Sie sind auf Seite 1von 2

BUSINESS MANAGEMENT

By Widiananda Prabowo
Magister Management Universitas Brawijaya 2019/2020

Matrikulasi Kelas DB

1. Q : When would a firm obtain a floating-rate loan rather than a fixed-rate loan?

A : Depending on the terms of the loan, it could change as often as monthly. A


floating-rate loan can result in a lower payment in the short-term but carries a risk
that the rate could rise during the long-term and produce significantly higher
payments. If the company do not expect to keep the loan for a long time, then a
floating-rate may be the better choice. In addition, a floating-rate loan can allow the
company to borrow a larger amount of money if the credit is less than perfect. The
downside to this is that if the interest rate rises, it may not be able to meet
company’s payment obligation. It is because the primary advantage of a
floating interest rate is that it moves with the market rates, but also this can be a
disadvantage, depending on which way the market rates move and which side of
the transaction the company is on. A rise in market rates can increase the cost of
the loan for the company and increase the interest income for the lender.
Conversely, a fall in market rates can decrease the cost of the loan for the company
and decrease the interest income for the lender.

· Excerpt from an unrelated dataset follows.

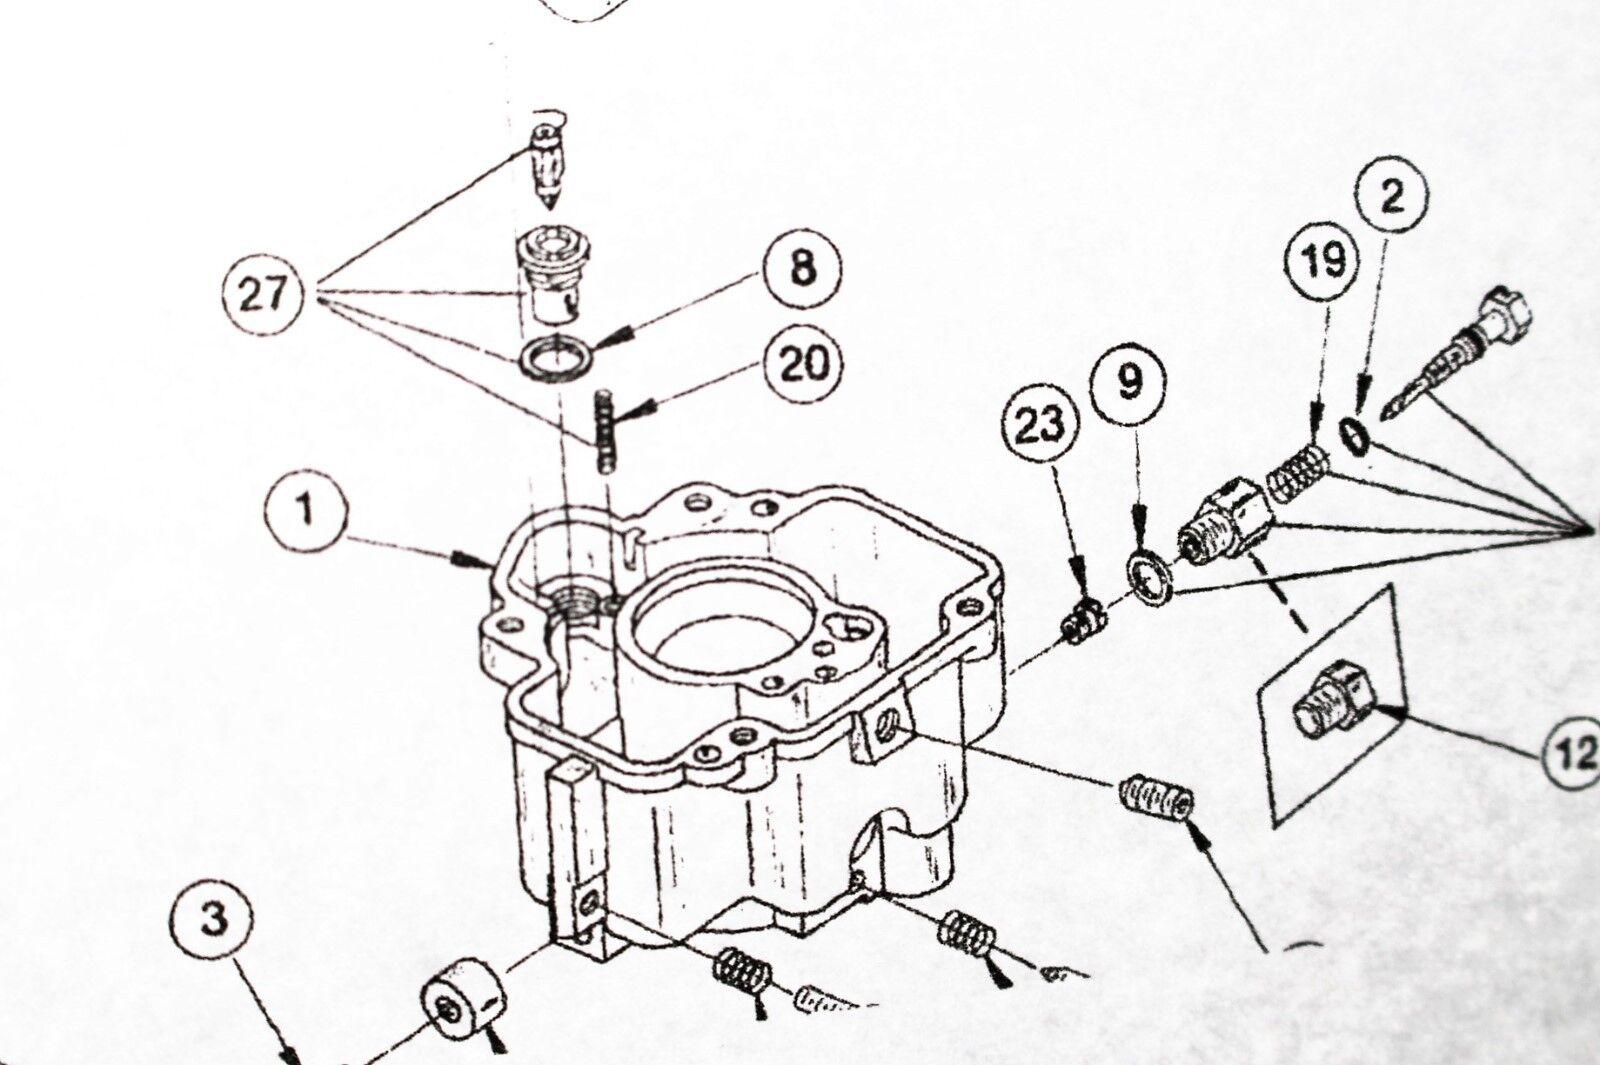 carburetor kit diagram lua7 fits onan 146 0230d 6 5 nh 4 bfa 5 Kohler Command 20 Wiring-Diagram carburetor kit diagram lua7 fits onan 146 0230d 6 5 nh 4 bfa 5 bga

2. Q : When a firm plans to issue bonds, what legal document is created by the firm,
and what is included in this document?

A : When a firm plans to issue bonds, it creates an indenture. Between bond issuers
and bondholders, an indenture is a legal and binding contract specifying all the
important features of a bond, such as its maturity date, the timing of interest
payments, method of interest calculation and callable or convertible features, if
applicable. The bond indenture also contains all the terms and conditions applicable
to the bond issue. Other critical information included in the indenture is the financial
covenants that govern the issuer and the formulas for calculating whether the issuer
is within the covenants. Should a conflict arise between the issuer and bondholder,
the indenture is the reference document utilized for conflict resolution. As a result,
the indenture contains all the minutiae of the bond issue. In the fixed-income
market, an indenture is hardly ever referred to when times are normal. But the
indenture becomes the go-to document when certain events take place, such as if
the issuer is in danger of violating a bond covenant. The indenture is then scrutinized
closely to make sure there is no ambiguity in calculating the financial ratios that
determine whether the issuer is abiding by the covenants. The indenture is another
name for the bond contract terms, which are also referred to as a deed of trust. An
indenture trustee handles fiduciary duties related to investments. These
professionals monitor interest payments, redemptions, and investor
communications, and they lead trust departments at institutions. Essentially, their
role is to oversee and administer security-backed indentures issued by a company.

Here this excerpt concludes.